The standards for Monte Carlo experiments in statistics were set by Sawilowsky.[59] In applied statistics, Monte Carlo methods may be used for at least four purposes:

  1. To compare competing statistics for small samples under realistic data conditions. Although type I error and power properties of statistics can be calculated for data drawn from classical theoretical distributions (e.g., normal curve, Cauchy distribution) for asymptotic conditions (i. e, infinite sample size and infinitesimally small treatment effect), real data often do not have such distributions.
  2. To provide implementations of hypothesis tests that are more efficient than exact tests such as permutation tests (which are often impossible to compute) while being more accurate than critical values for asymptotic distributions.
  3. To provide a random sample from the posterior distribution in Bayesian inference. This sample then approximates and summarizes all the essential features of the posterior.
  4. To provide efficient random estimates of the Hessian matrix of the negative log-likelihood function that may be averaged to form an estimate of the Fisher information matrix.[60] [61]

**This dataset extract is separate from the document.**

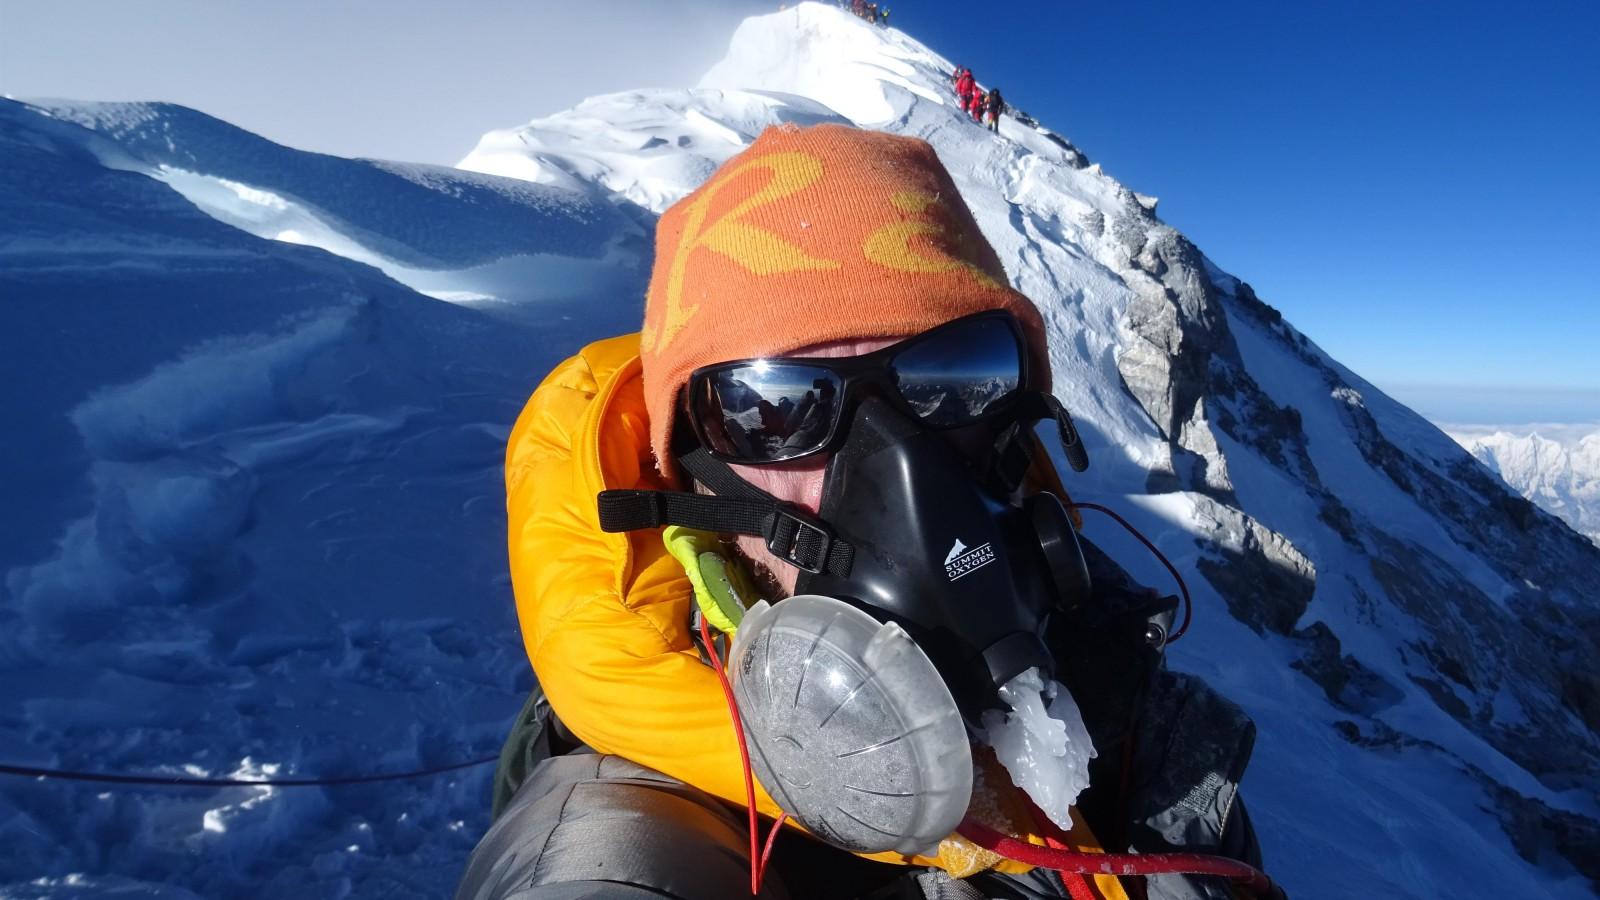 Wilco schrijft boek over zware beklimming Mount Everest, waar het nu doodstil is
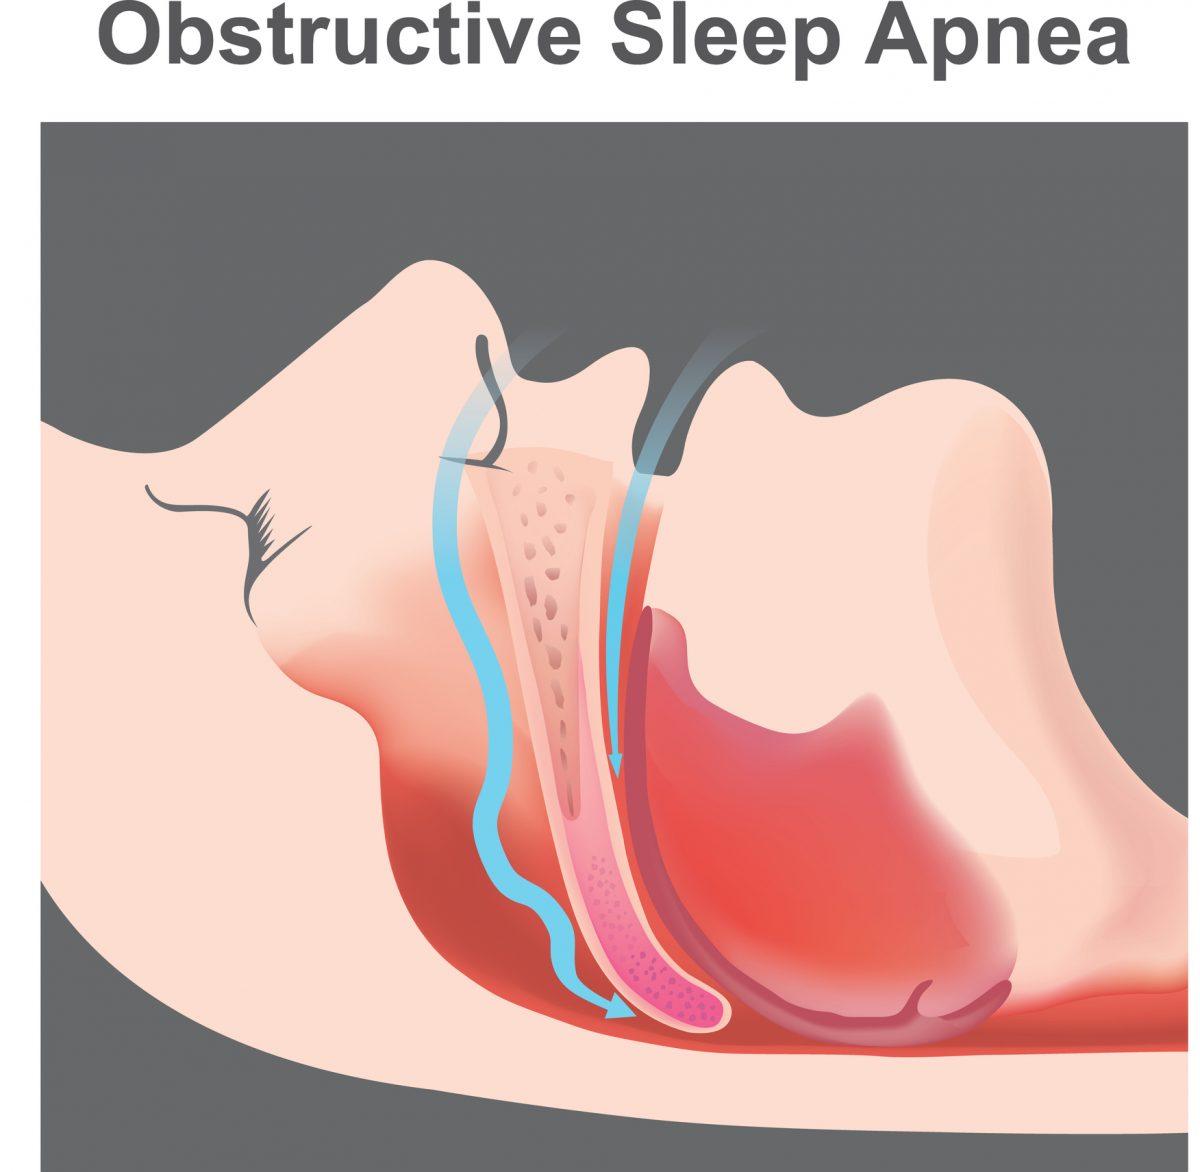 obstructive apnea symptom airway block

Monte Carlo methods are also a compromise between approximate randomization and permutation tests. An approximate randomization test is based on a specified subset of all permutations (which entails potentially enormous housekeeping of which permutations have been considered). The Monte Carlo approach is based on a specified number of randomly drawn permutations (exchanging a minor loss in precision if a permutation is drawn twice—or more frequently—for the efficiency of not having to track which permutations have already been selected).

Artificial intelligence for games

See main article: Monte Carlo tree search. Monte Carlo methods have been developed into a technique called Monte-Carlo tree search that is useful for searching for the best move in a game. Possible moves are organized in a search tree and many random simulations are used to estimate the long-term potential of each move. A black box simulator represents the opponent's moves.[62]

The Monte Carlo tree search (MCTS) method has four steps:[63]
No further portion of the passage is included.